"""

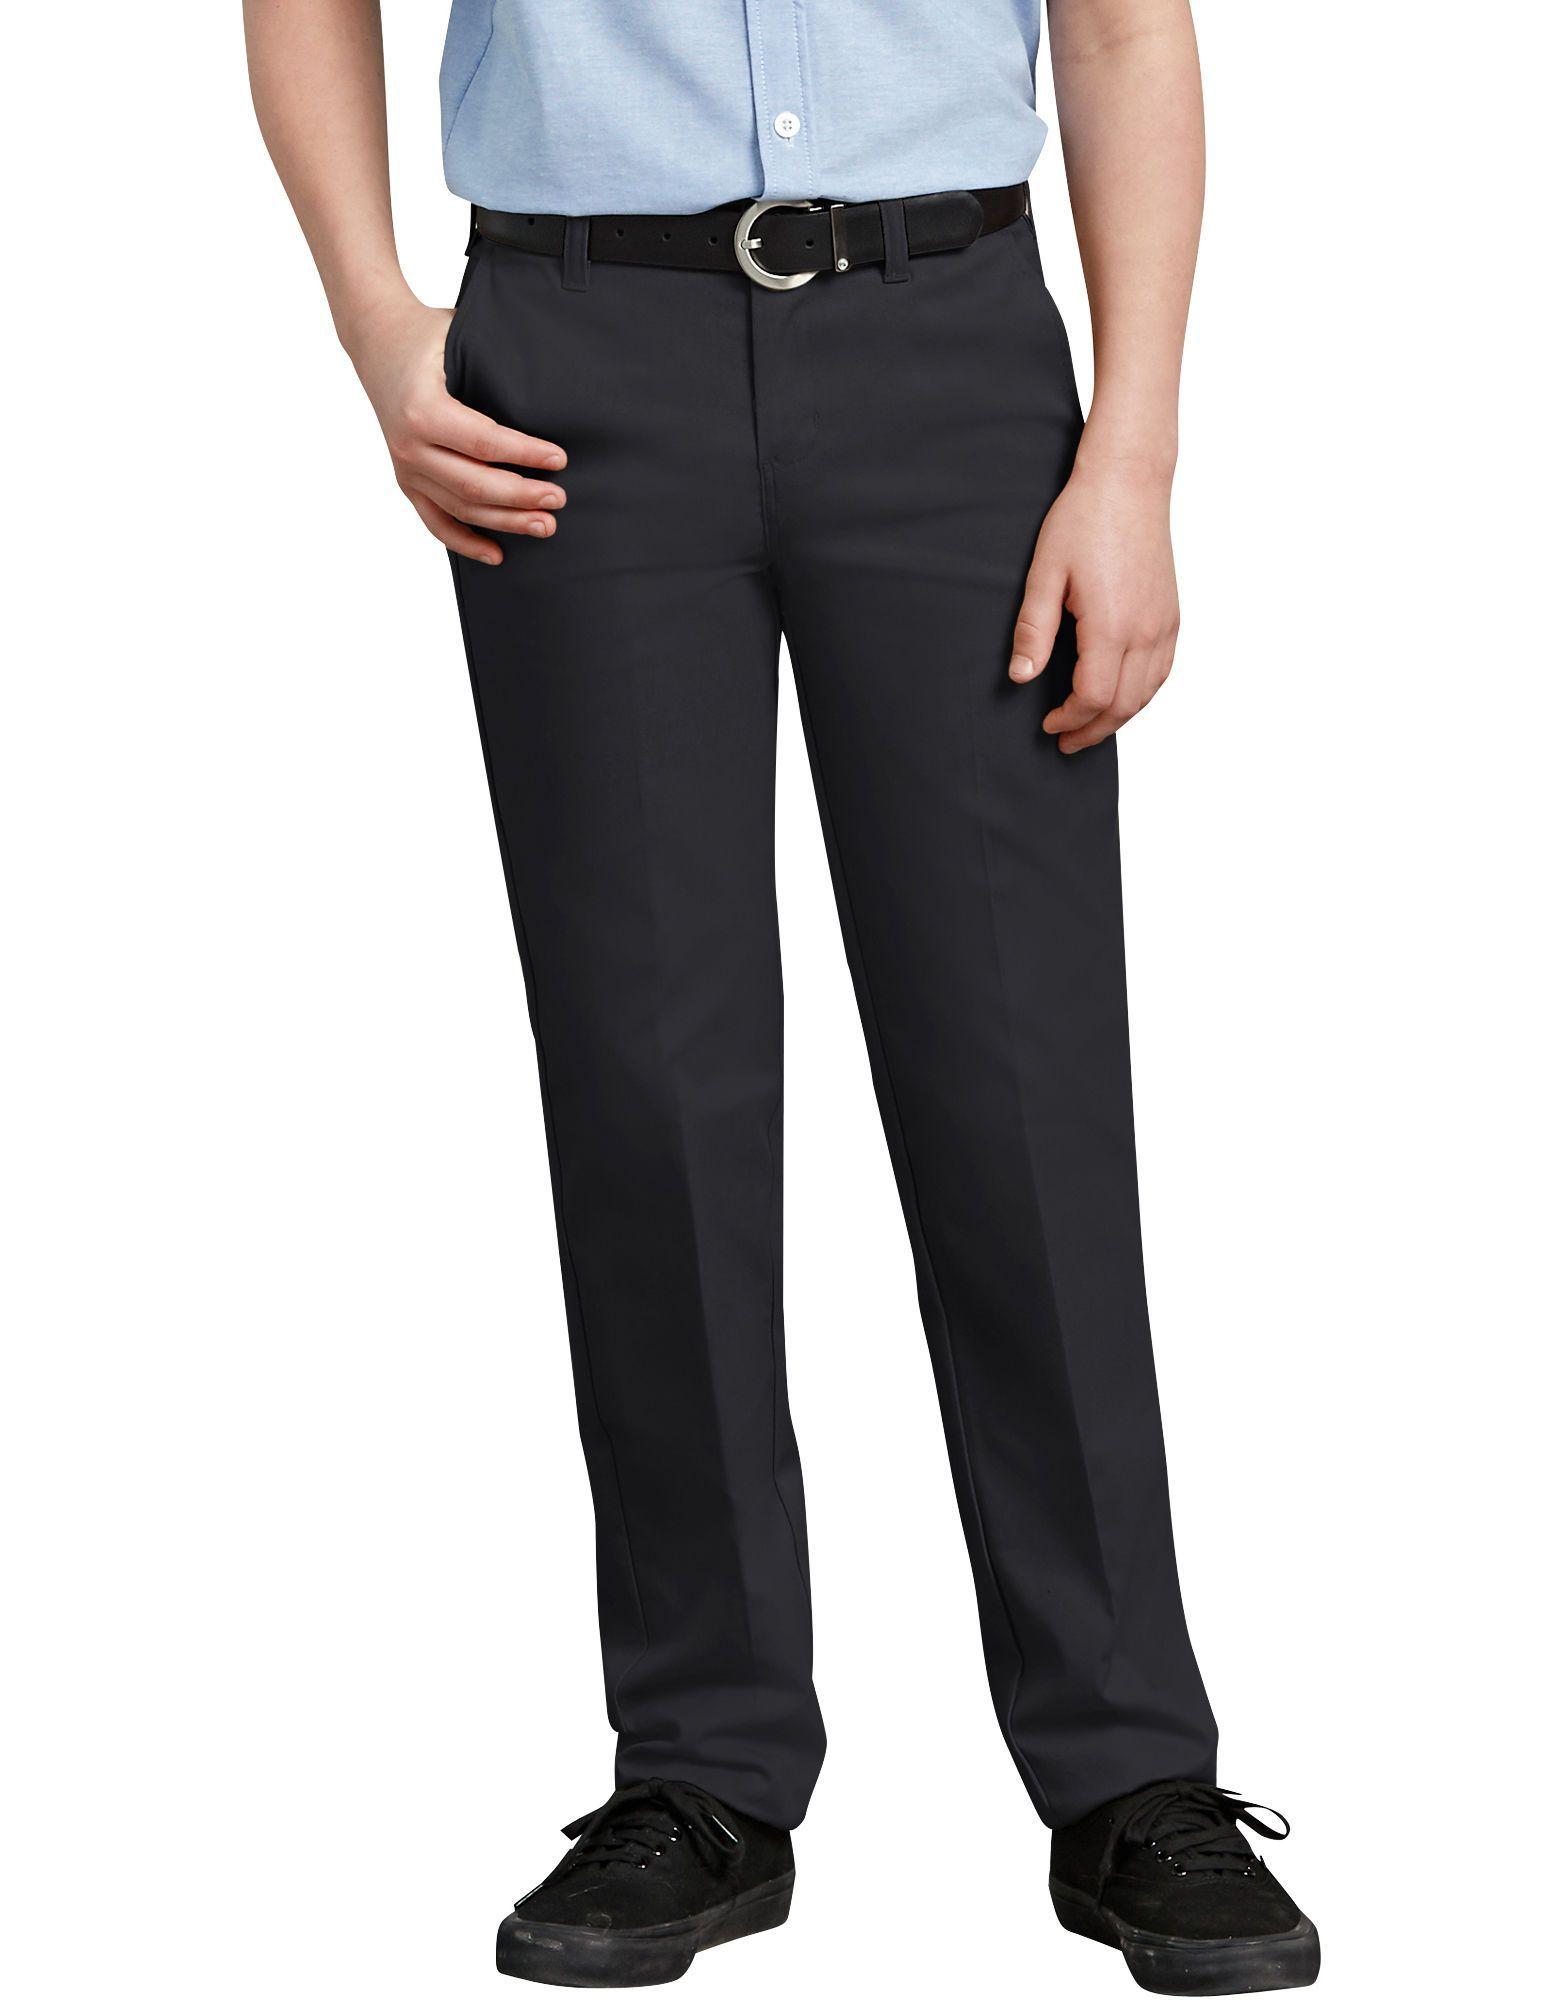 e6e29e3d05c9f Buy Slim Cvc Perf Pant 8-2 - Dickies Online at Best price - PA
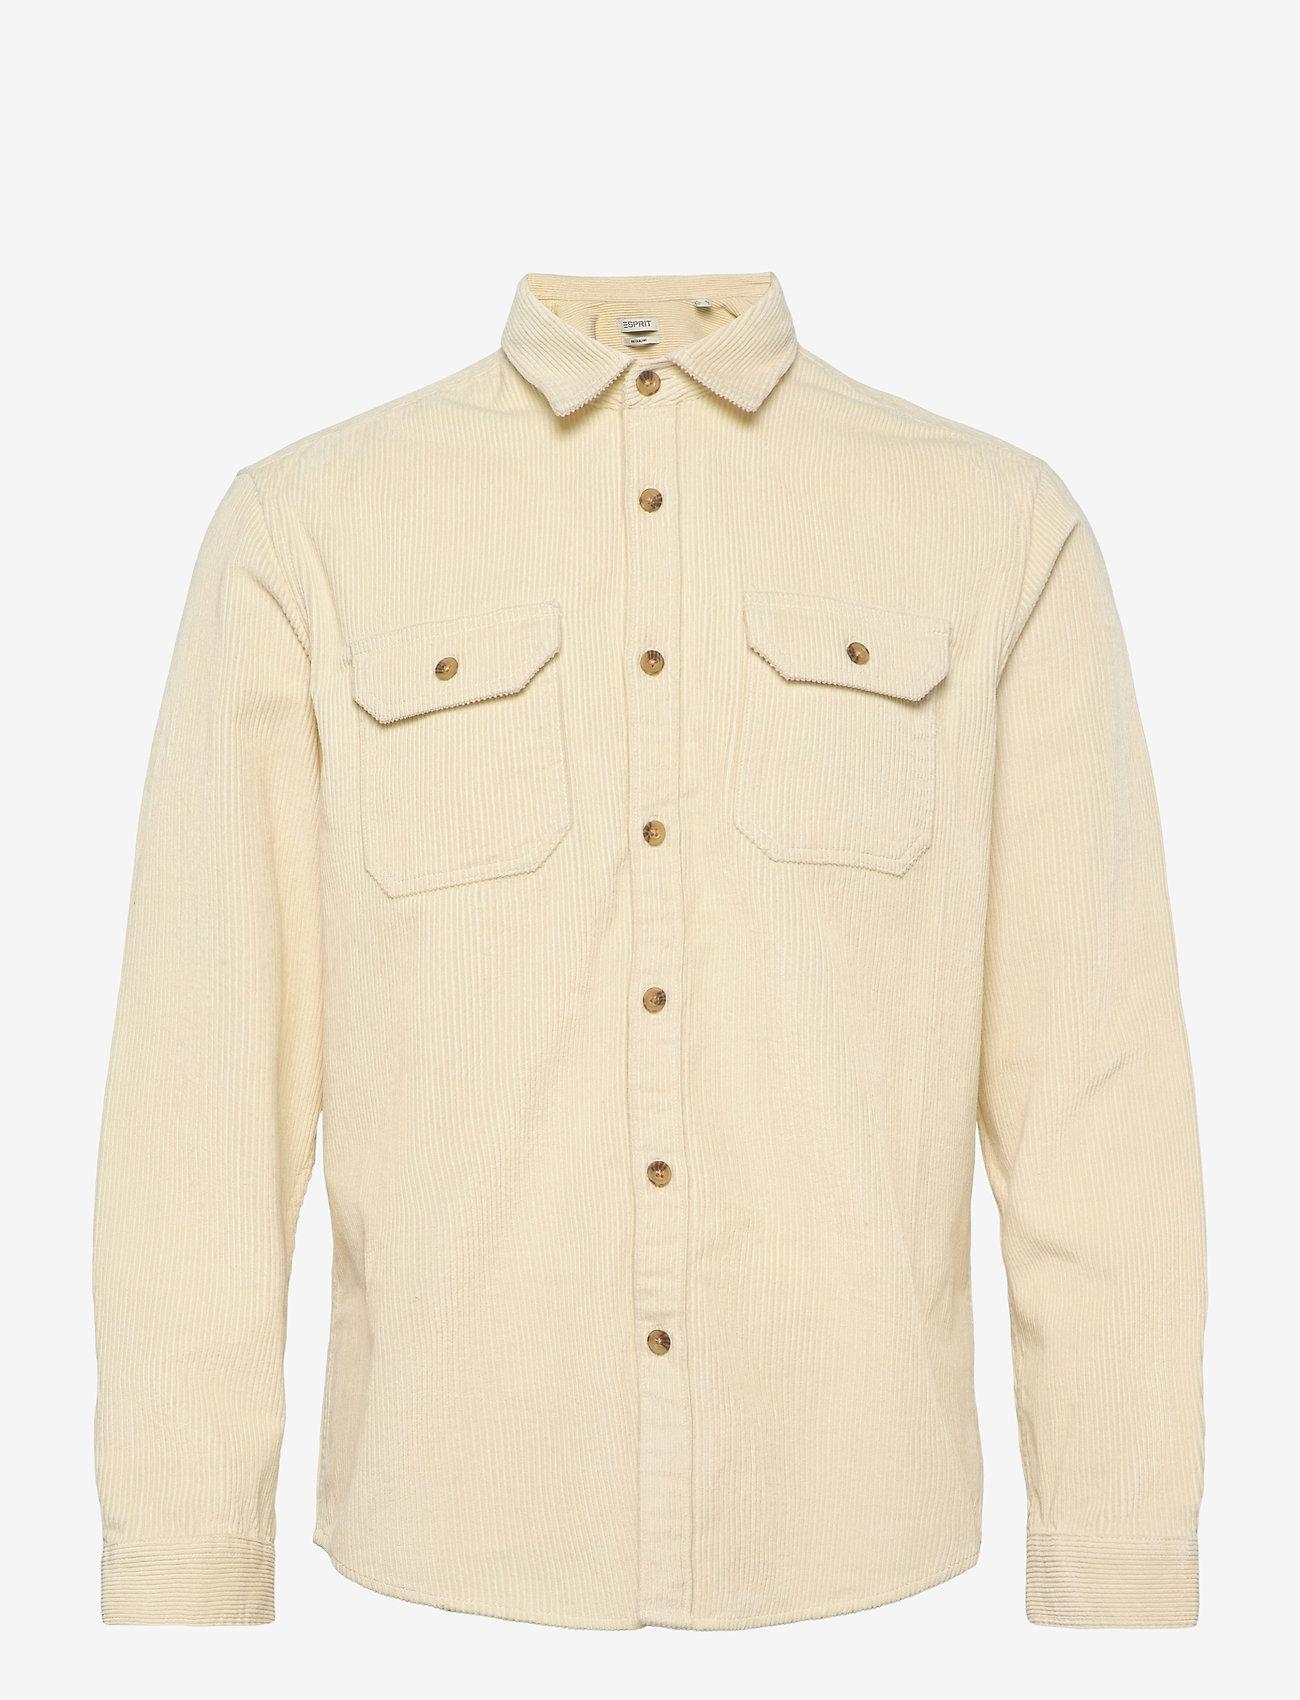 Esprit Casual - Shirts woven - hauts - cream beige - 0
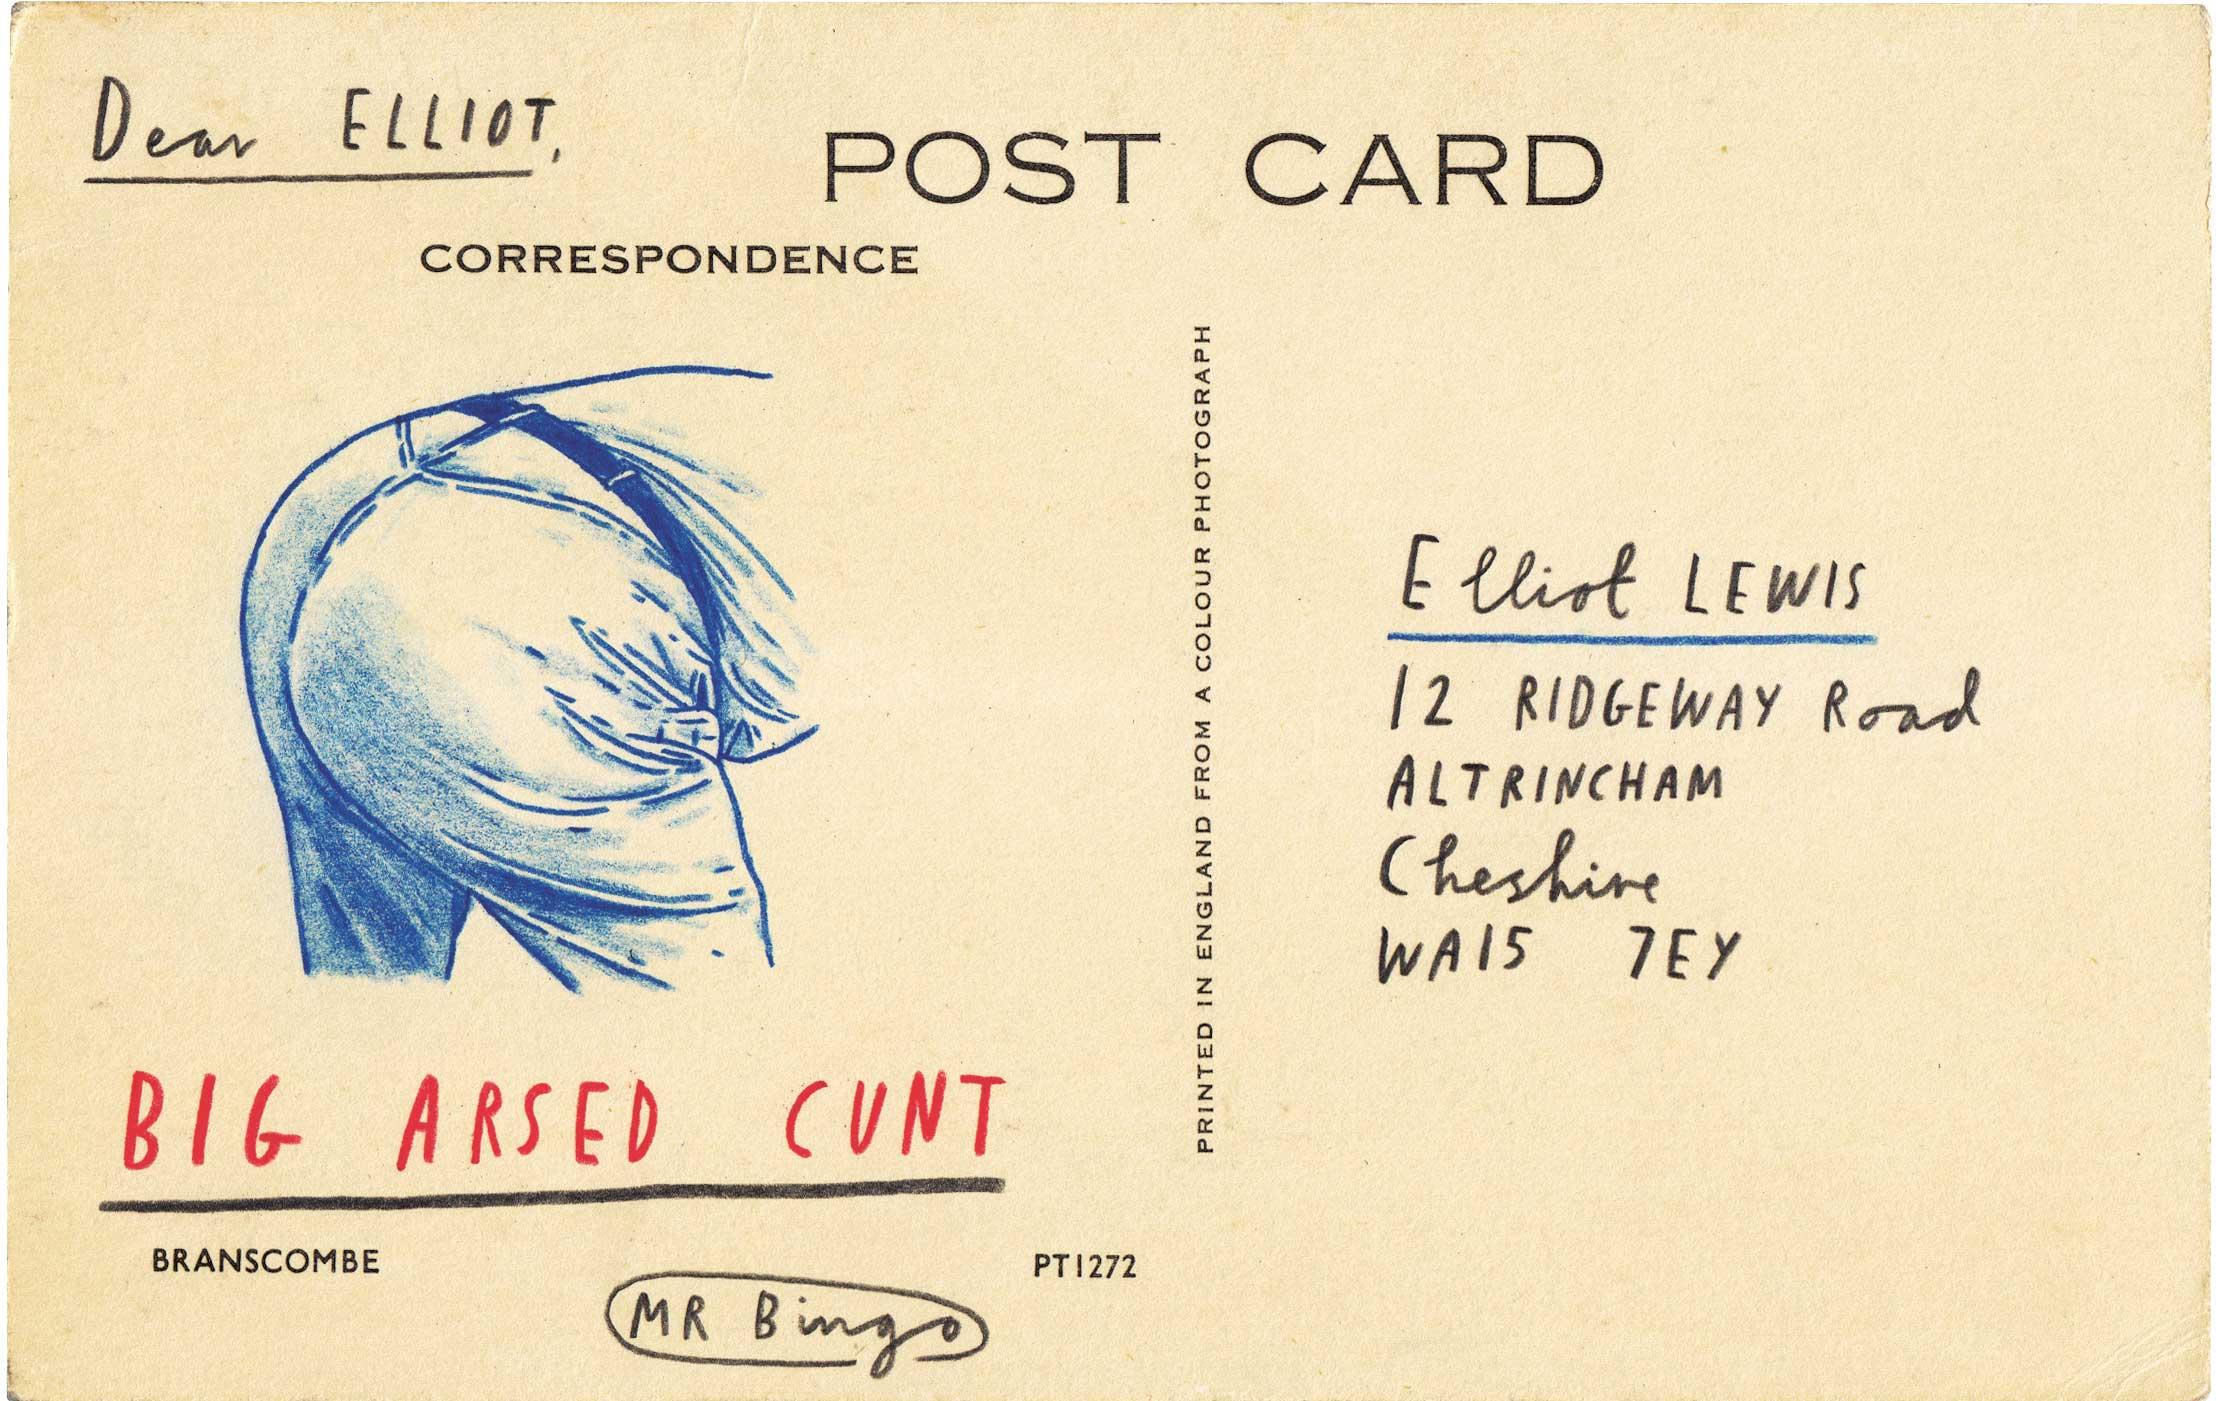 028_Elliot-Lewis_Back-copy

"""

> _What needs to be done_
Once the pictures are set aside, repeat the data above exactly as written.

> _Exercise output_
 e6e29e3d05c9f Buy Slim Cvc Perf Pant 8-2 - Dickies Online at Best price - PA
 Esprit Casual - Shirts woven - hauts - cream beige - 0
 028_Elliot-Lewis_Back-copy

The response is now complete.